Another idea that came is to write the expression inside bracket as $\smash{\dfrac{x^{11}-1}{x-1}}$, but I don't know how to proceed. Help
$$f(x)=\bigg(\frac{x^{11}-1}{x-1}\bigg)^4=\bigg(\frac{1-x^{11}}{1-x}\bigg)^4=(1-x^{11})^4(1-x)^{-4}$$
Now by binomial expansion for negative powers, we know
$$(1+y)^n=\sum_{k=0}^{∞}\binom{n}{k} y^k$$
Here $y=-x,n=-4$.
Hence $$(1-x)^{-4}=\sum_{k=0}^{∞}\binom{-4}{k} (-x)^k=1+\binom{-4}{1}(-x)^1+\binom{-4}{2}(-x)^2+...$$
And by normal binomial expansion,
$$(1-x^{11})^4=\sum_{k=0}^4 (-1)^k \binom {4}{k} (x^{11})^k$$
Hence we only get a single term with $x^{21}$ when the term with $x^{11}$ is multiplied by $x^{10}$. Coefficient of $x^{11}=-4$ and Coefficient of $x^{10}= \binom{-4}{10} =\frac{-4×-5×-6×-7×-8×-9×-10×-11×-12}{9!}=-220$.
Thus coefficient of $x^{21}=(-220) \cdot (-4) =880$.
Find the coefficient of $x^{21}$ in $(1+x+x^2+\dots+x^{10})^4$
For the coefficient of $x^{21}$, we need to sum all combinations that result in their total product being $x^{21}$
$$(1+x+x^2+\dots+x^{10})*(1+x+x^2+\dots+x^{10})*(1+x+x^2+\dots+x^{10}) *(1+x+x^2+\dots+x^{10})$$
Let $$A=\left(10^{0}+10^{1}+10^{2}+10^{3}+10^{4}+10^{5}+10^{6} + 10^{7}+10^{8}+10^{9}+10^{10} \right)$$
Then, with: $$C=(1+x+x^2+\dots+x^{10})*(1+x+x^2+\dots+x^{10})*(1+x+x^2+\dots+x^{10}) *(1+x+x^2+\dots+x^{10})$$ And: $$B=A*A=(1+x+x^2+\dots+x^{10})*(1+x+x^2+\dots+x^{10}) \\ \text{And }C=B*B$$ Then, the convolution needed to solve for $B$ from $A$ (where $B_i$ is the coefficient for the element of $B$ that multiplies $10^i$) is a simple addition of $1 \textit{ elements}$. And there is only one coefficient of $C=B*B$ that needs to be solved for, namely $C_{21}$ that is the coefficient of $10^{21}$ for $C$. Start by solving for $B$ that ranges from $10^0$ to $10^{20}$ (21 coefficients from $B_0$ to $B_{20}$ in all): $$B=1*10^0+2*10^1+3*10^2+4*10^3+5*10^4+6*10^5+7*10^6+8*10^7+9*10^8 +10*10^9+11*10^{10}+10*10^{11}+9*10^{12}+8*10^{13}+7*10^{14}+ 6*10^{15}+5*10^{16}+4*10^{17}+3*10^{18}+2*10^{19}+1*10^{20}$$ Now the convolution of $B$ and $B$ is needed, namely $C=B*B$. However, by hand, it is not necessary to calculate all coefficients of $C_k*10^{k}$. The calculation is needed only for $C_{21}*10^{21}$. There are references on digital Linear Convolution of sequences, but the concept is simple enough that it can be figured out here.
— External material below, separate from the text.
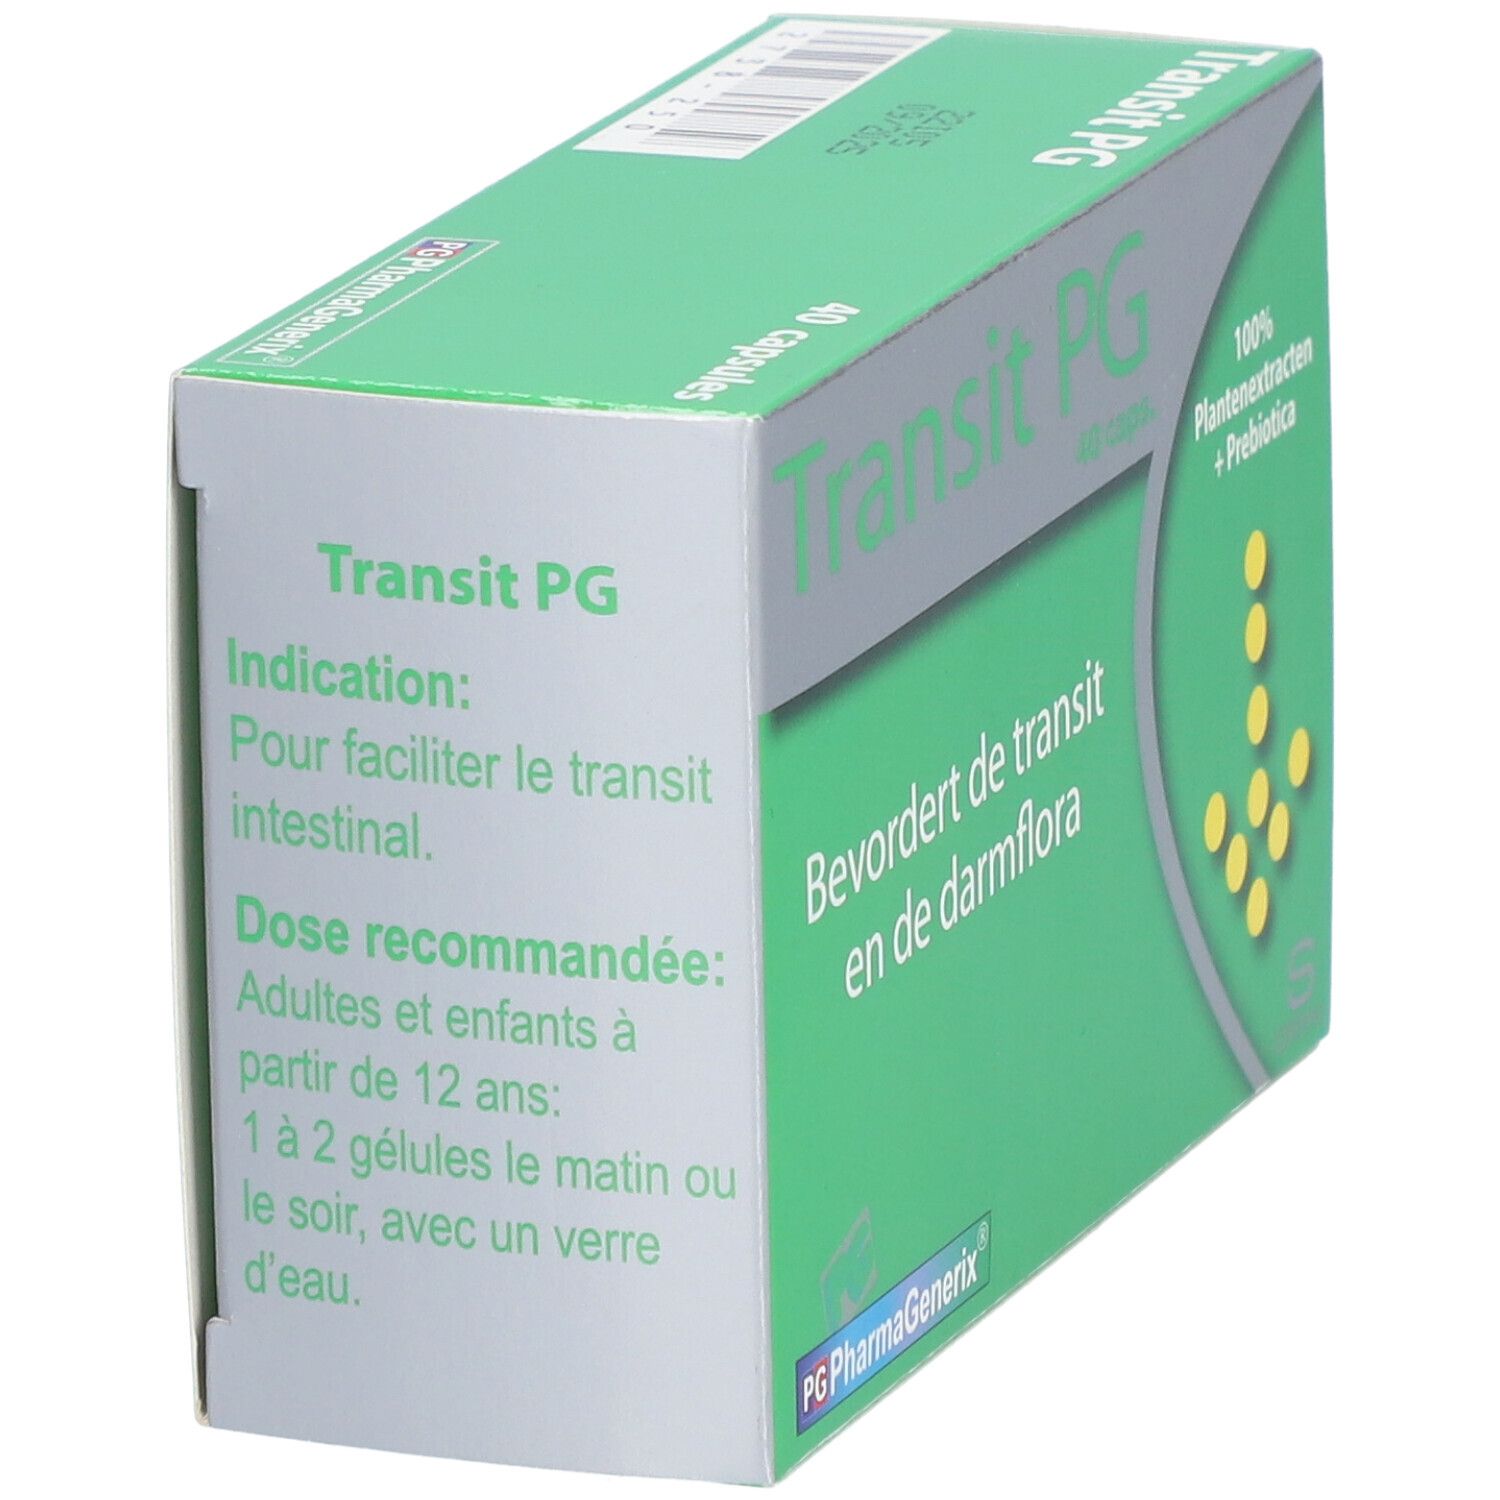 Pharmagenerix Transit

Say there is a contributing factor on the left term of the convolution $B_i*10^i$ and on the right term $B_j*10^j$. The requirement for all contributing products is that $i+j=21$, so that $B_i*10^i*B_j*10^j=B_i*B_j*10^{21}$ which is by inspection correct.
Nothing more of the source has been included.